Yes, last year, see..

http://www.magbaztravels.com/content/view/1341/30/

http://www.magbaztravels.com/component/option,com_zoom/Itemid,26/catid,676/

Pete


----------



## somertonion (May 29, 2007)

Yes, we drove down to the Hellas memorial, right at the tip of the Gallipoli peninsular. My husbands grandfather lost his life there and we were the first in family to visit his memorial. From Alexandreaoplolis its a half day drive. we had no hassles at the border. If you are going to visit the WW1 battlefields you'll need to allow 1 or 2 days. It is now a national park and very beautiful, the war graves immaculately maintained by the Turks. The roads on the peninsular are good to drive. My husband manoeuvred our 7m motorhome and trailer between the cemeteries without problem and parking was OK. There's a one way system to avoid large vehicles meeting. There is a campsite ( or two) but we wildcamped for a couple nights. The coast road near ANZAC cove has some car parking areas alongside the sea which were beautiful. Once the last visiting coach had left, early evening, it was very tranquil.
Look out for the wild tortoise and some amazing lizards!

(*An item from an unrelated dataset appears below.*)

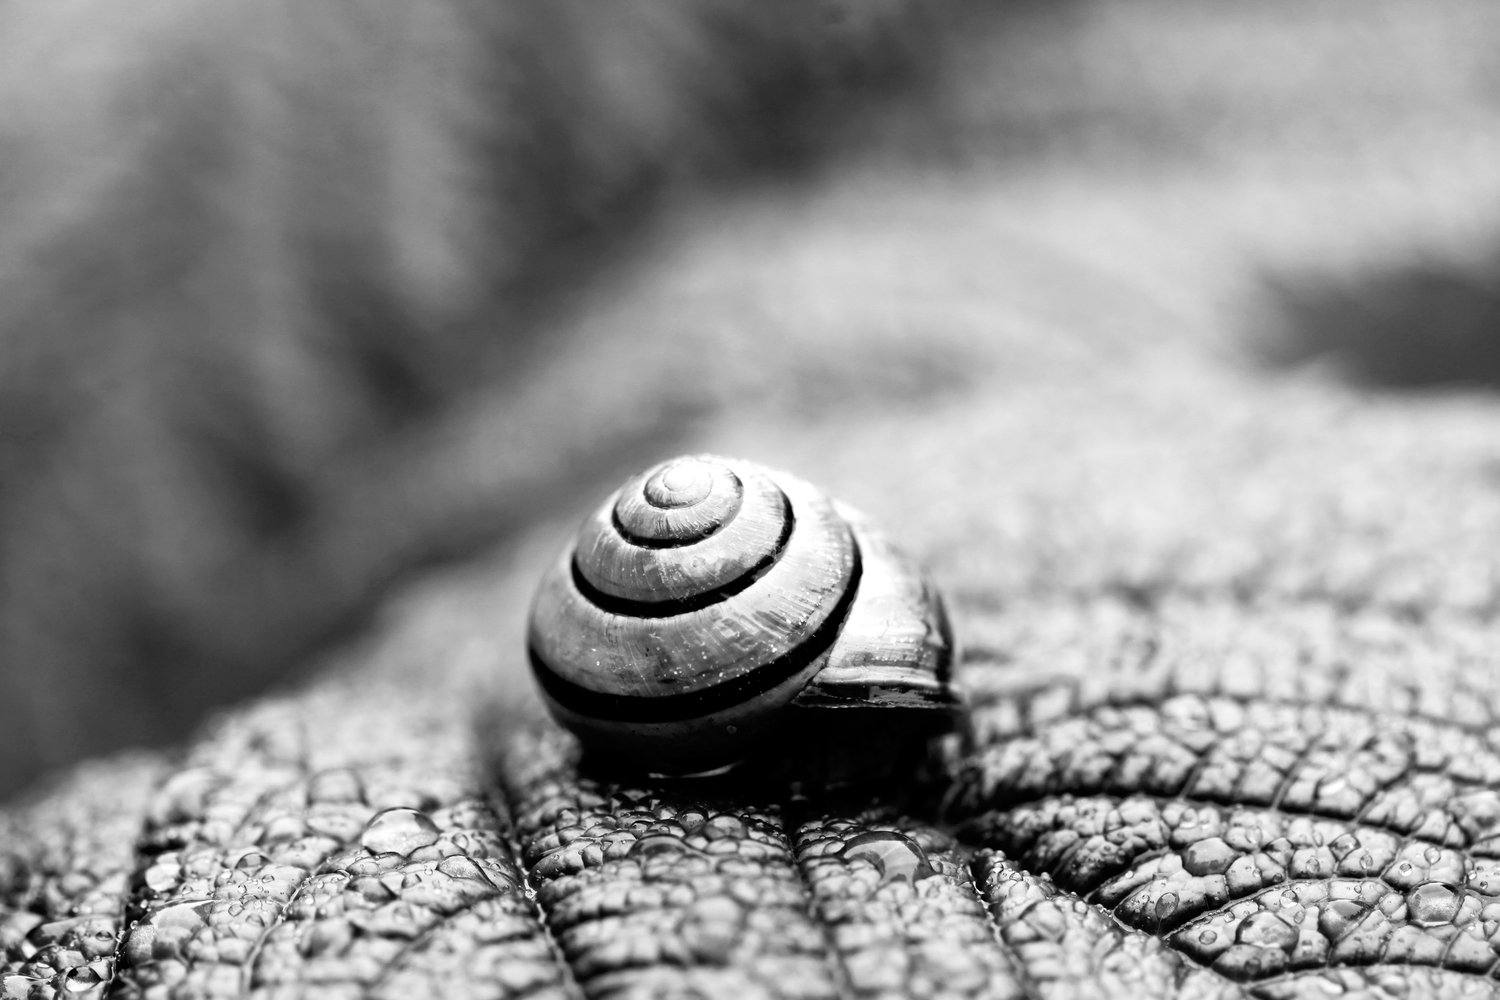 snail+bw+8x12.jpg

We very much enjoyed our visit and a very moving moment finding Andy's grandad on the massive Hellas memorial.


----------



## rocky1968 (Nov 10, 2011)

*gallipolli*

thanks where did u ship from or did u drive all the way there.


----------



## somertonion (May 29, 2007)

We drove there. Didn't proceed any further into Turkey, but returned to Greece to explore there.


----------